Jason Ogden Buck (born July 27, 1963) is an American former professional football player who was a defensive lineman in the National Football League (NFL).

==Football career==
Buck was born in Moses Lake, Washington and played high school football for South Fremont High School in St. Anthony, Idaho.

He played collegiately at Brigham Young University, earning third-team All-American honors as a junior. He was a consensus All-American as a senior, and was awarded the Outland Trophy as the nation's best interior lineman.

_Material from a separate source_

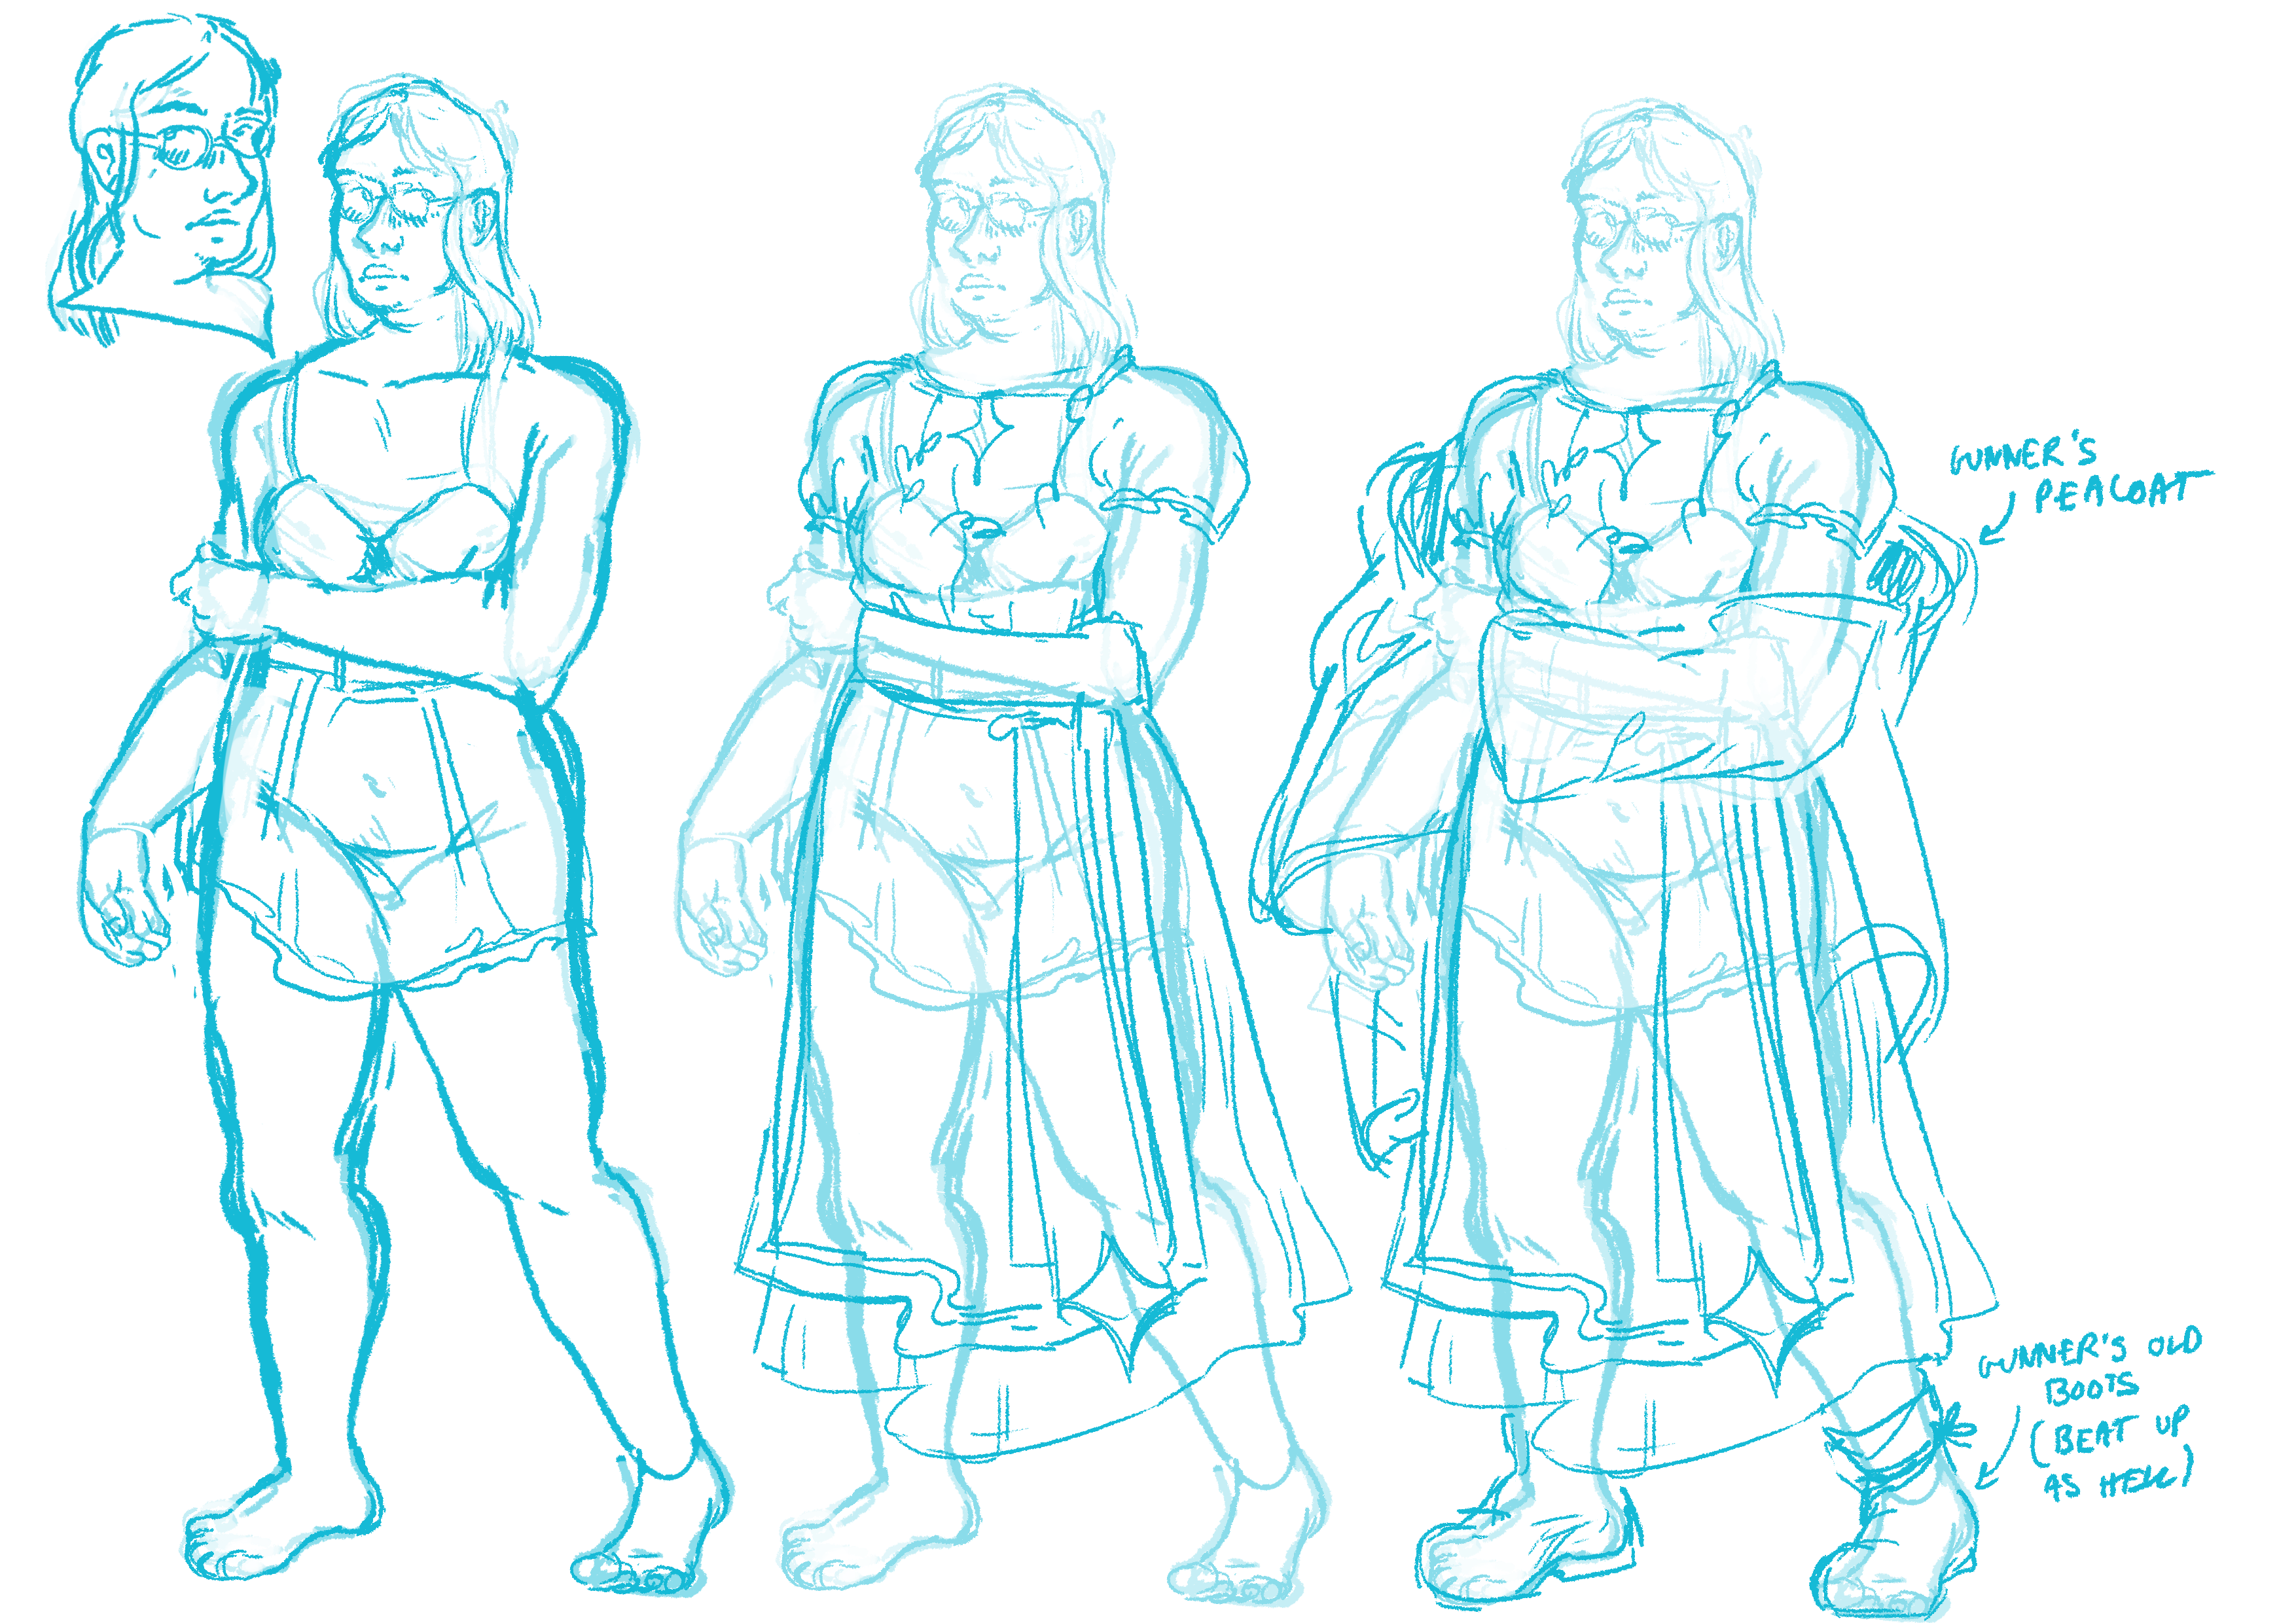 Three sketches of Euterpe, a young White woman with mousy brown hair and glasses in various states of dress, made to resemble a character model sheet. In the first sketch, she's wearing old-fashioned underwear, and has a chubby body with a long torso and round face. In the second sketch, she's in Eastern European-inspired folk clothing, and the third is the same, except with a large coat over the top.

Buck was selected in the first round of the 1987 NFL draft by the Cincinnati Bengals, the 17th overall pick. He recorded six sacks in the 1988 season as well as in the 1989 season. After four seasons with the Bengals, Buck moved to the Washington Redskins in 1991. He did earn a Super Bowl ring in the team's 37–24 victory over the Buffalo Bills in Super Bowl XXVI. He retired as a player following the 1993 season.

Pre-draft measurables
| Height | Weight | Arm length | Hand span | Bench press |
| 6 ft 5 in (1.96 m) | 250 lb (113 kg) | 32+3⁄4 in (0.83 m) | 9+1⁄4 in (0.23 m) | 19 reps |
All values from NFL Combine

==Other ventures==
Buck was a co-owner of the Utah Blaze of the Arena Football League, based in Salt Lake City, Utah and is also a public speaker. He sought the Republican nomination for the 2nd District in the United States House of Representatives elections in Utah, 2012 but was defeated at the State Convention.

==Personal life==
Buck is a member of the Church of Jesus Christ of Latter-day Saints and he loves to work on his family history at the Church History Library. He has two sons, Tyson and Josh. Tyson played linebacker for the University of Utah Utes football team in 2009–2010. Josh played long snapper for the Dixie State Red Storm in 2015.